RECORD EXTRACTS:

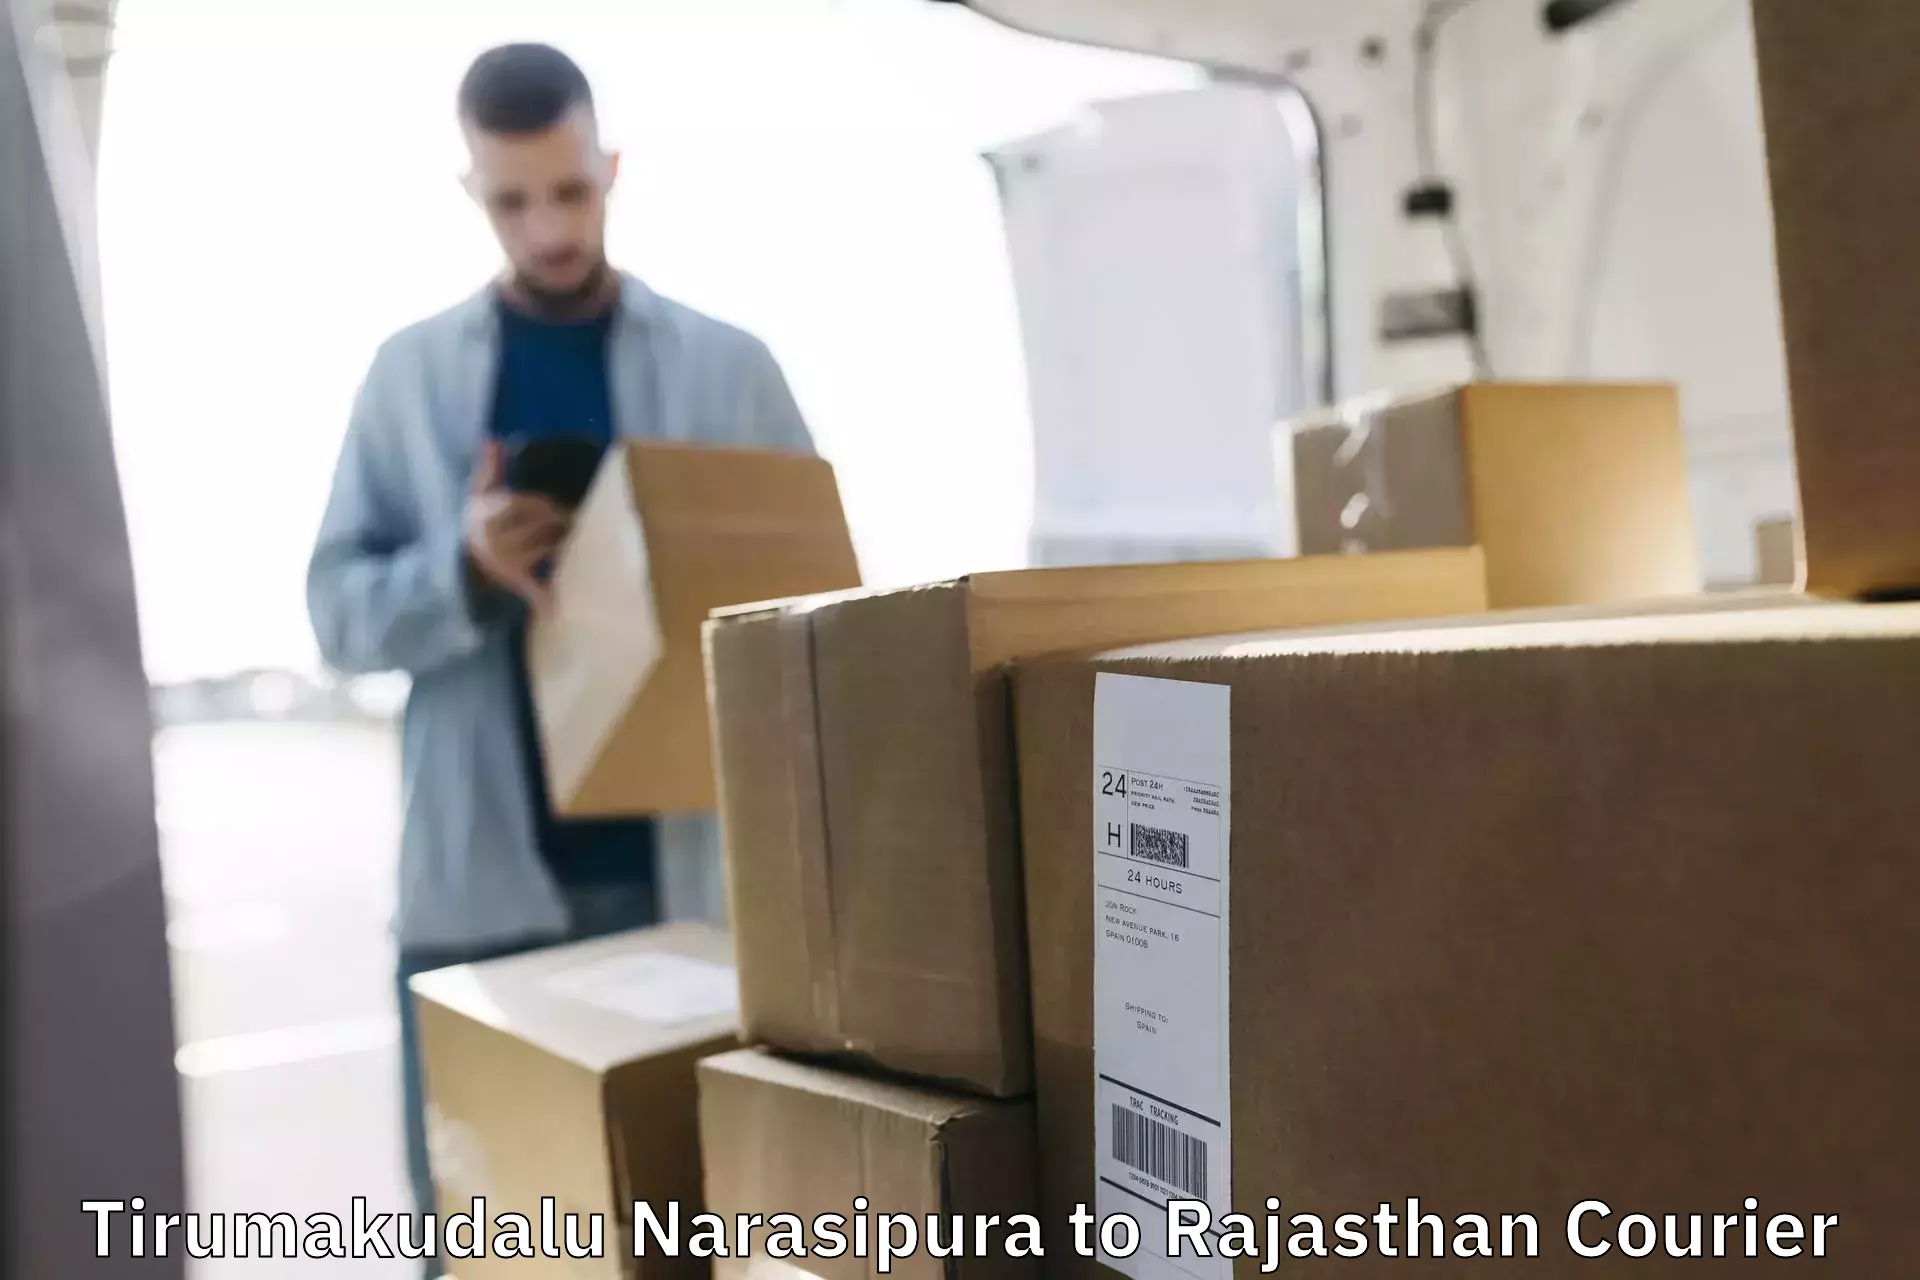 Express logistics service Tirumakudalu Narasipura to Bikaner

==

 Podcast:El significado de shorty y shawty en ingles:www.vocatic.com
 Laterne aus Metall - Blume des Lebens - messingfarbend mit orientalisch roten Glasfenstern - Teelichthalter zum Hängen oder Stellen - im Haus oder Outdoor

==

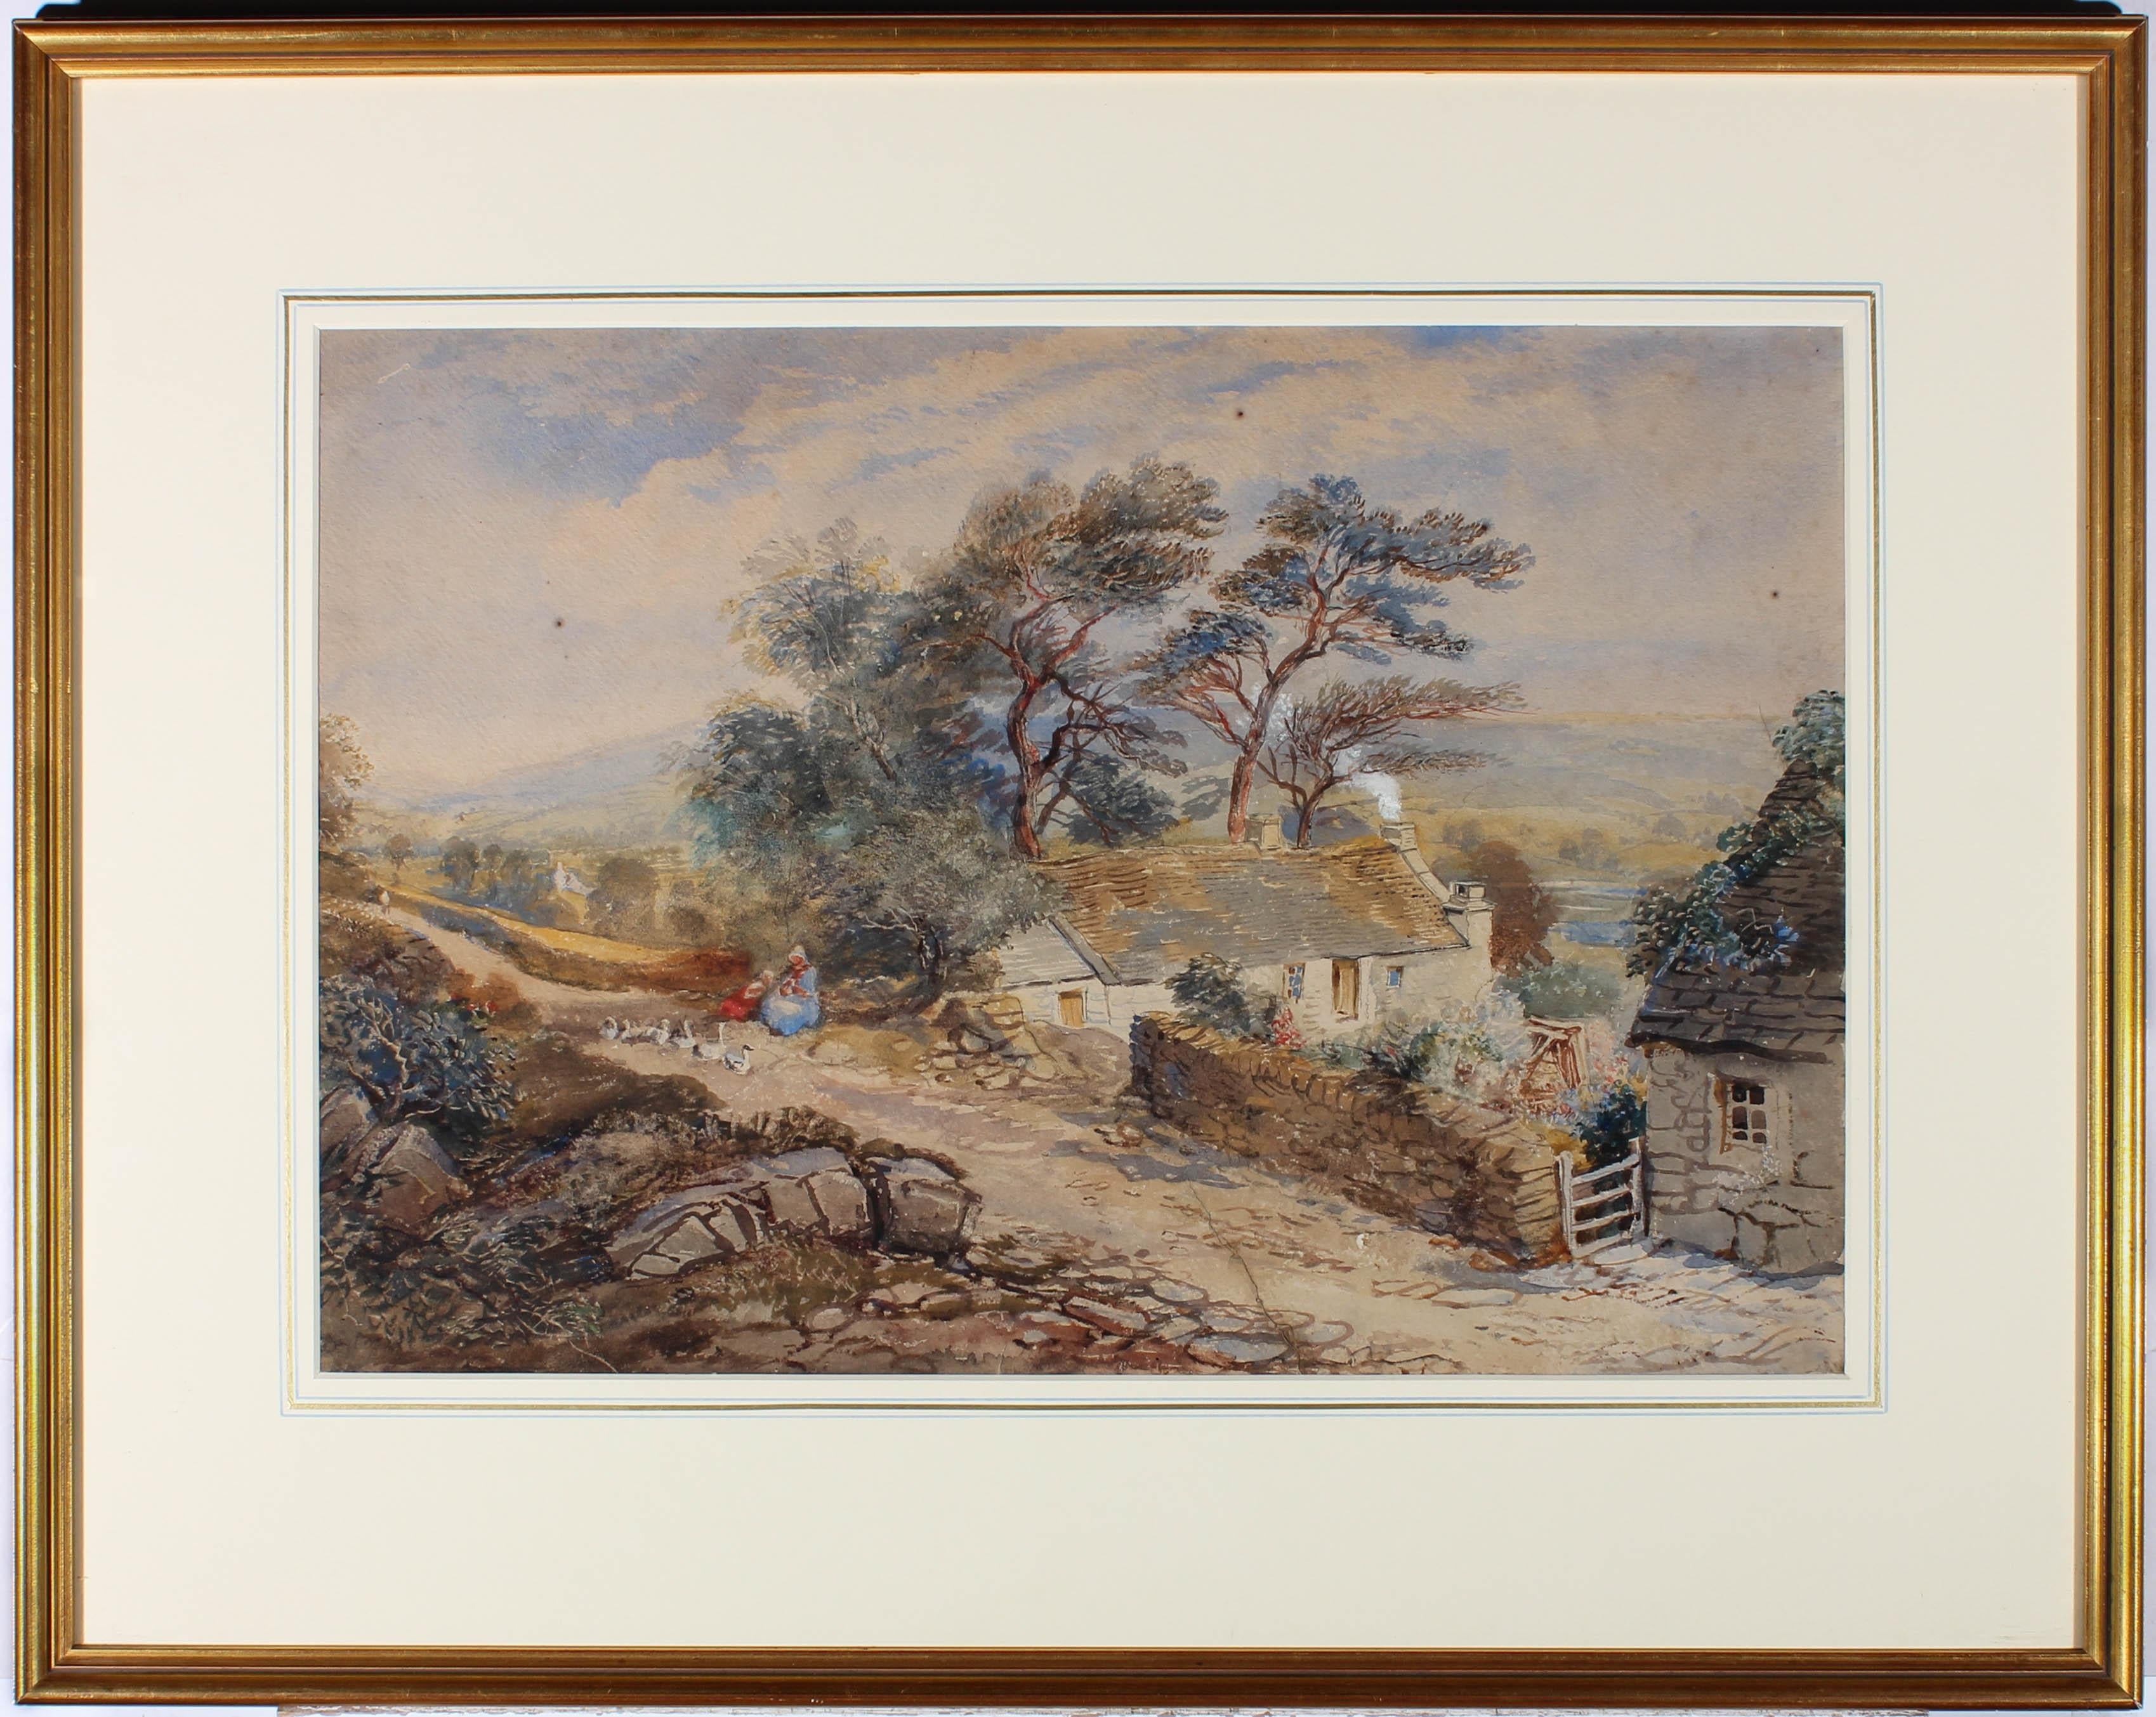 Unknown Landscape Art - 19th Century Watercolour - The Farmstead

TASK BRIEF: Which lines above run from the one containing "Podcast:El significado de" to the one containing "Laterne aus Metall"? Give them again exactly, both ends included.

RESPONSE TO THIS TASK:
 Podcast:El significado de shorty y shawty en ingles:www.vocatic.com
 Laterne aus Metall - Blume des Lebens - messingfarbend mit orientalisch roten Glasfenstern - Teelichthalter zum Hängen oder Stellen - im Haus oder Outdoor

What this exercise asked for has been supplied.